▶ _DIRECTIONS FOR THIS TASK_: Exactly the lines below starting at the line with "Architekten Meyer Fleckenstein: Brunnen" and ending at the line with "シマノ GORE-TEX ベーシックウォームスーツ" are wanted, with both ends included. Leave out the pictures and add no other lines.

▶ _DATA TO PROCESS_:
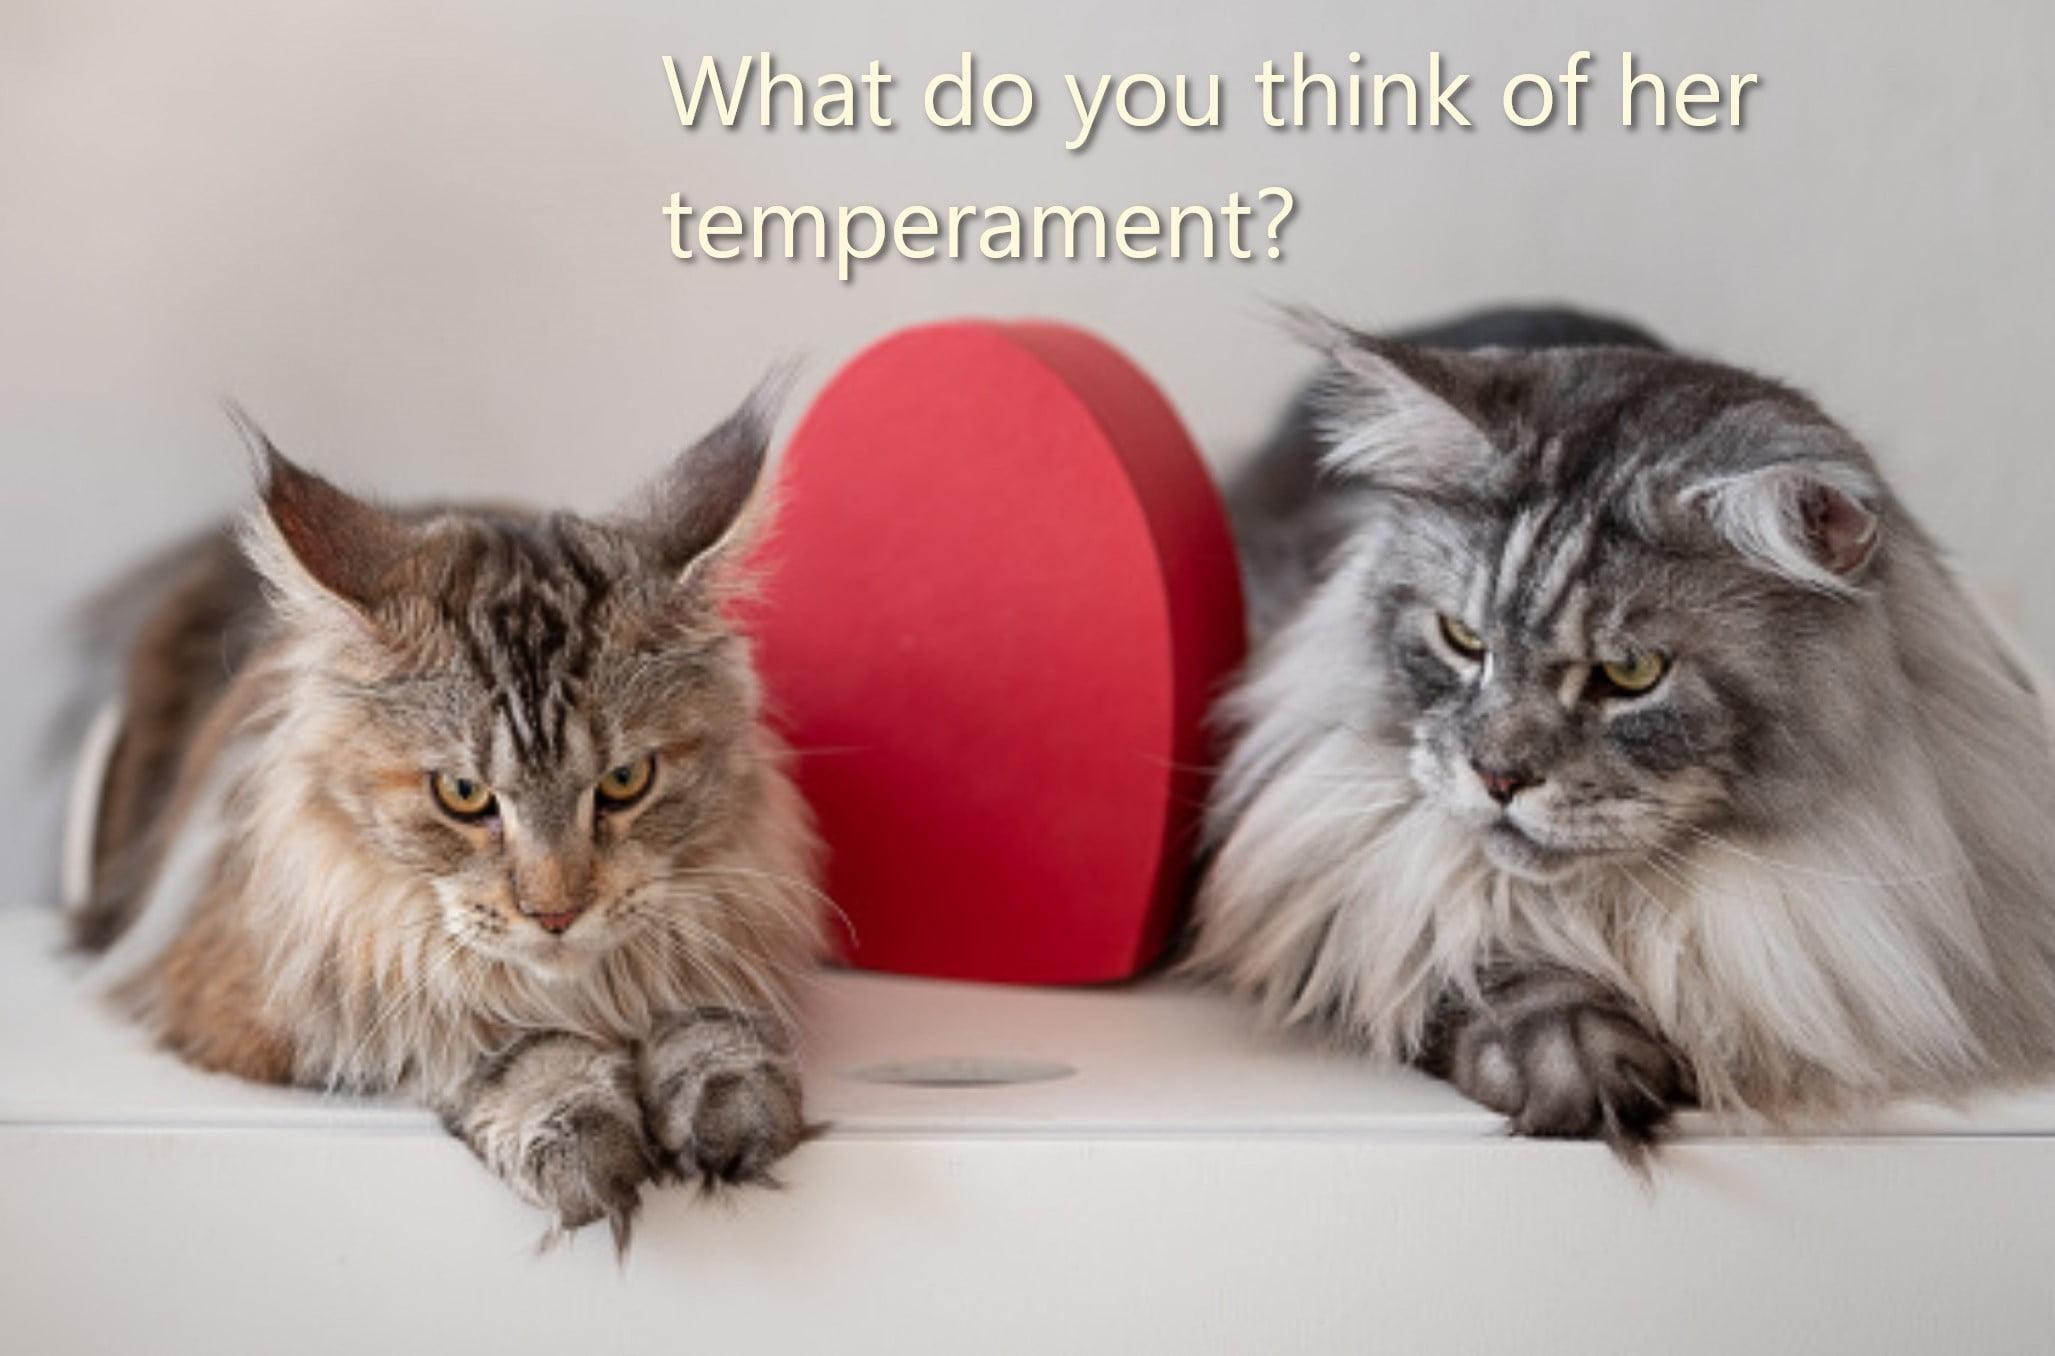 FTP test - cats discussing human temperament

==

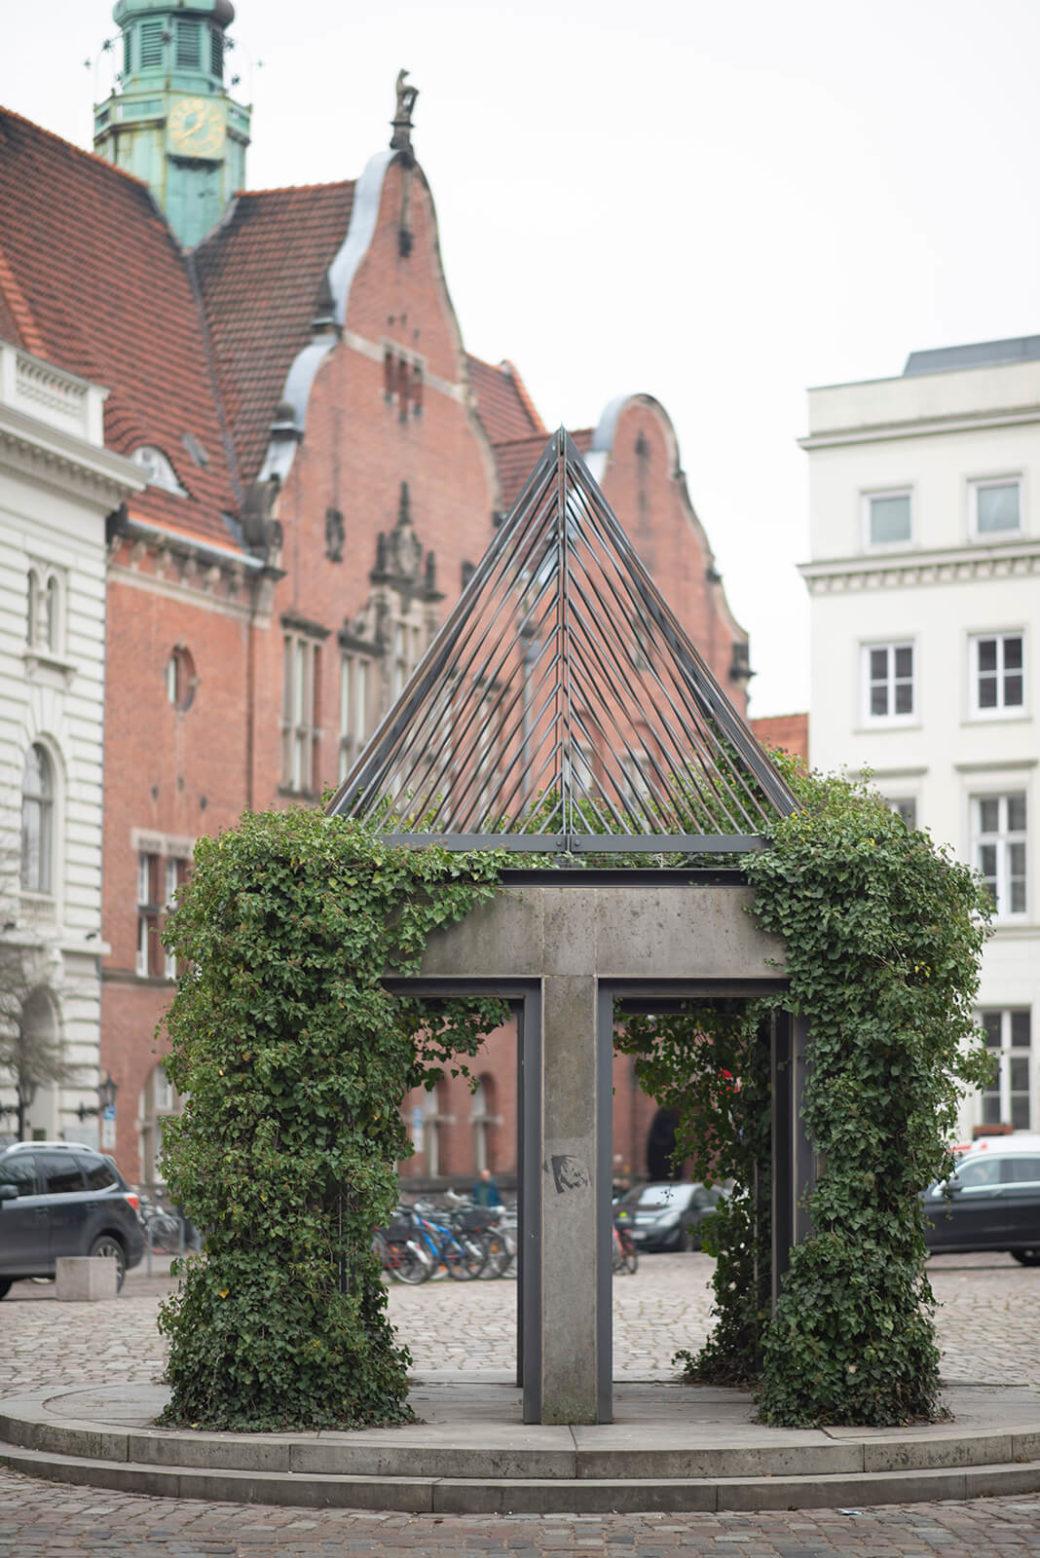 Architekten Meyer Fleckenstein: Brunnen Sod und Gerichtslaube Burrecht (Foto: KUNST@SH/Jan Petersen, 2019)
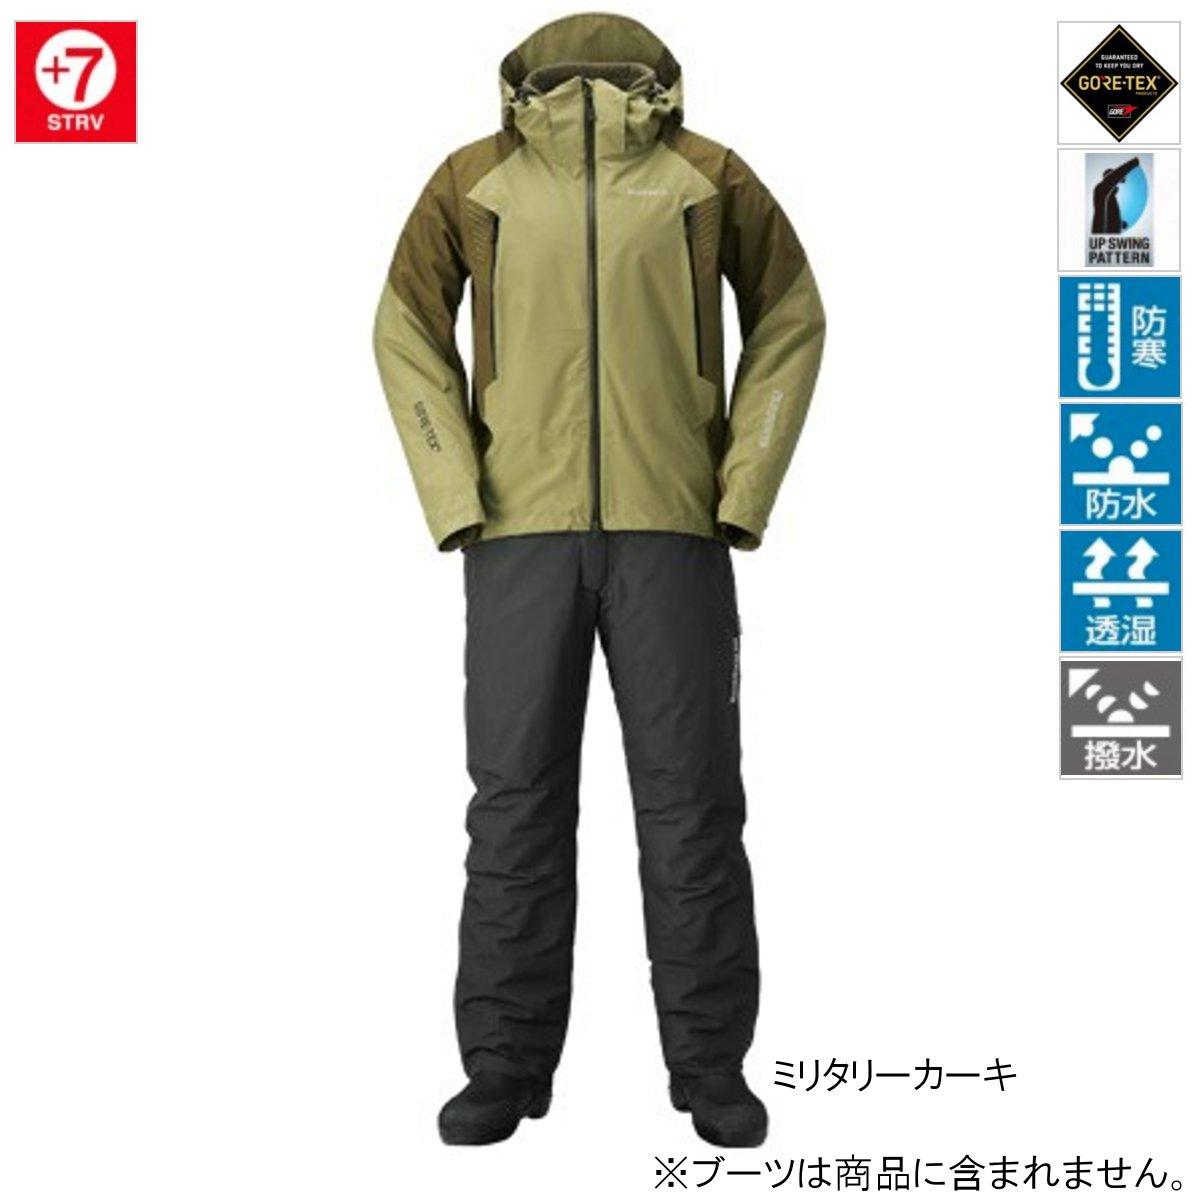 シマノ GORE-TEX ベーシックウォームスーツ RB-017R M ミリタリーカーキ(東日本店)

▶ _WRITTEN SOLUTION_:
 Architekten Meyer Fleckenstein: Brunnen Sod und Gerichtslaube Burrecht (Foto: KUNST@SH/Jan Petersen, 2019)
 シマノ GORE-TEX ベーシックウォームスーツ RB-017R M ミリタリーカーキ(東日本店)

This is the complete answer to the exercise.